DESCRIPTION OF THE TASK » Give back the lines below exactly, but do not include any pictures.
***** GIVEN MATERIAL *****
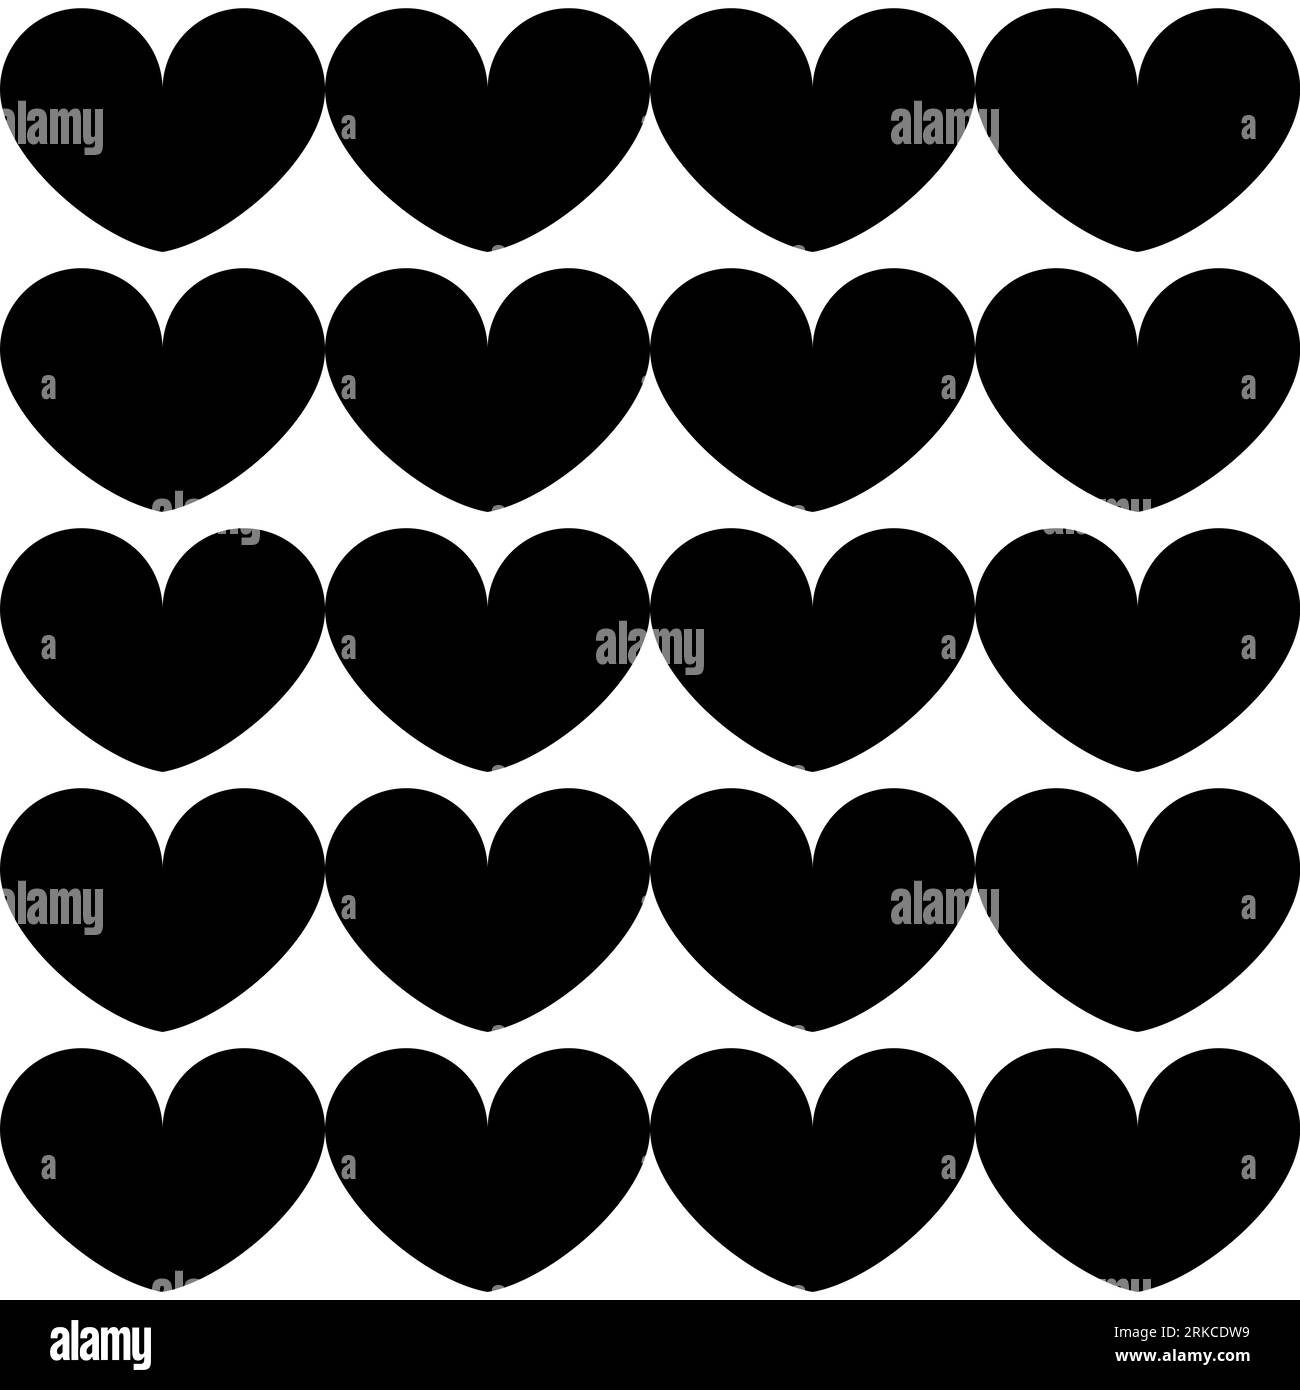 Patrón sin fisuras con motivos geométricos en blanco y negro Foto de stock
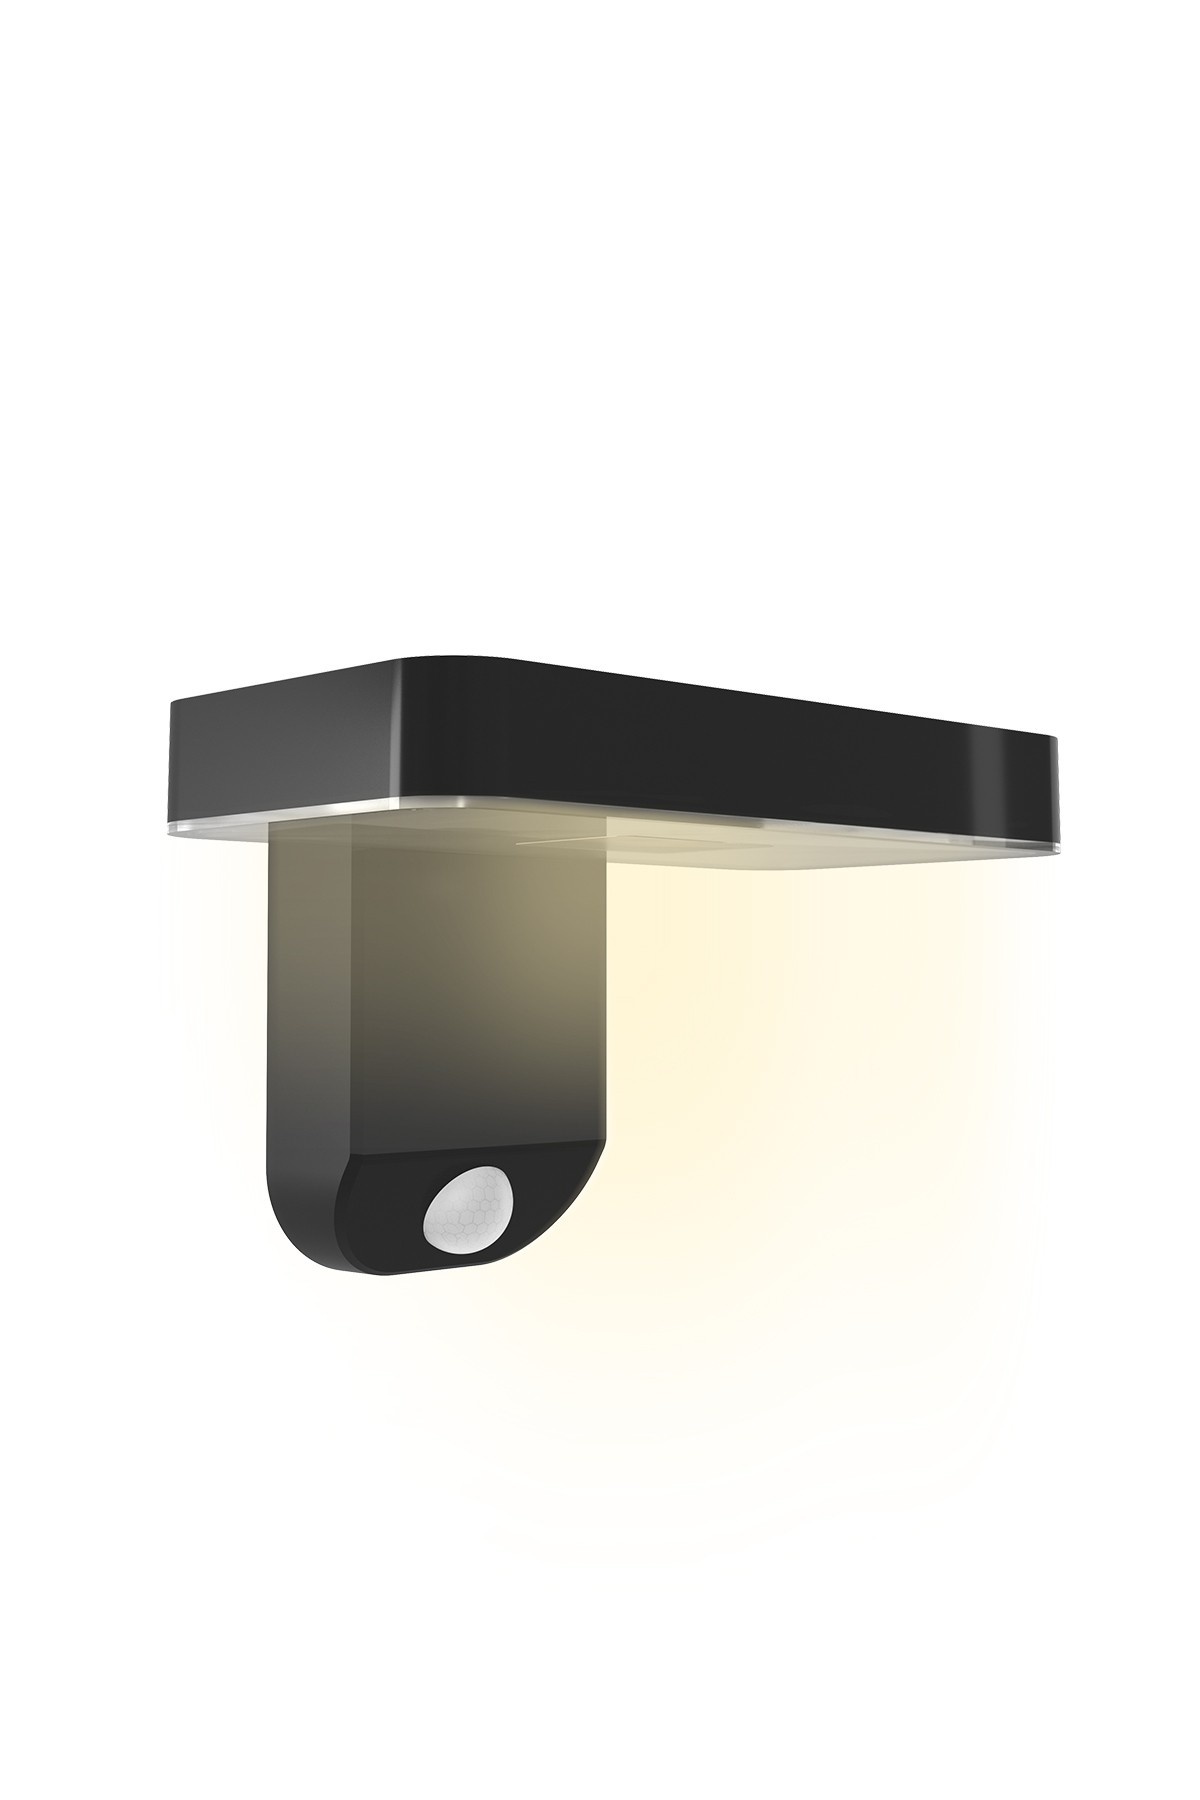 Lampesonline Lampe Solaire Extérieur - 2W - 110lm - IP65 - CCT Couleur  claire réglable
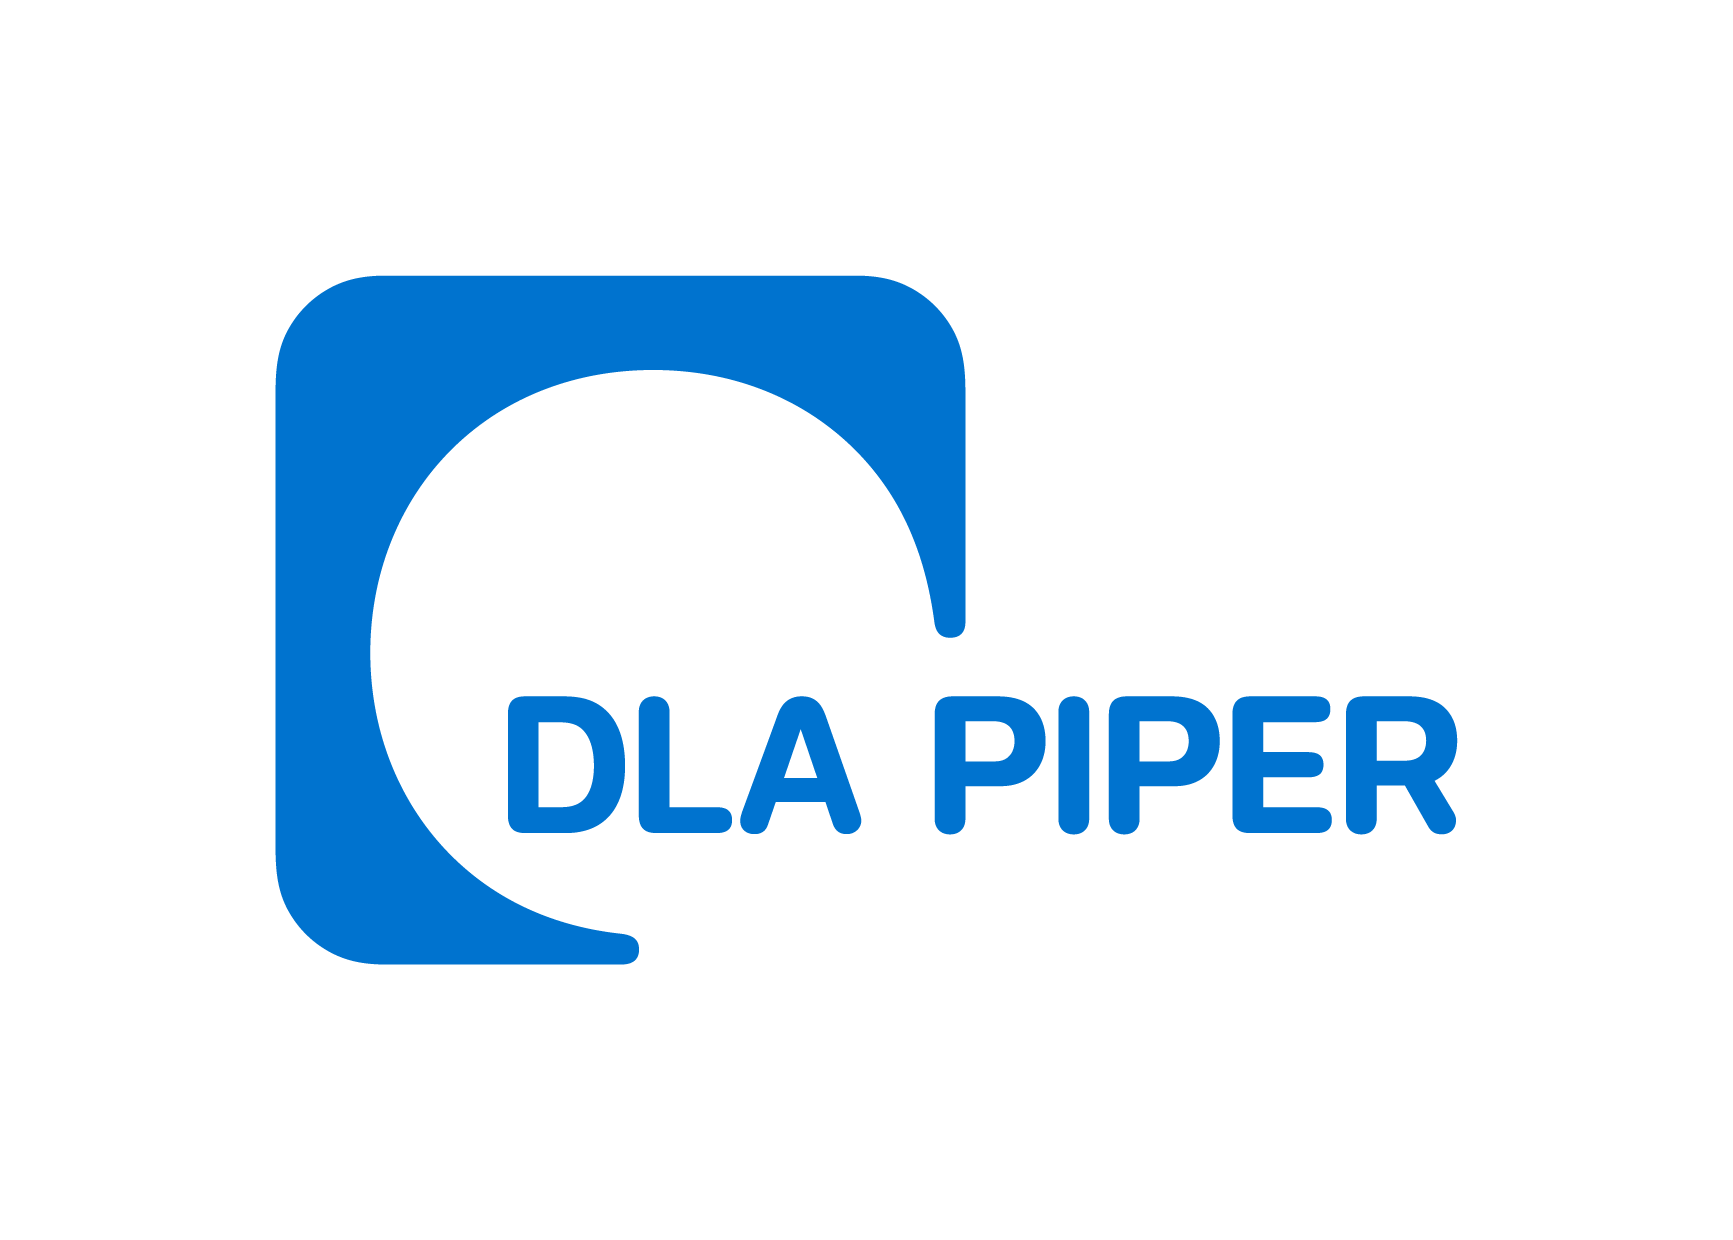 DLA_Piper_Logo
*****
RESULT »
 Patrón sin fisuras con motivos geométricos en blanco y negro Foto de stock
 Lampesonline Lampe Solaire Extérieur - 2W - 110lm - IP65 - CCT Couleur  claire réglable
 DLA_Piper_Logo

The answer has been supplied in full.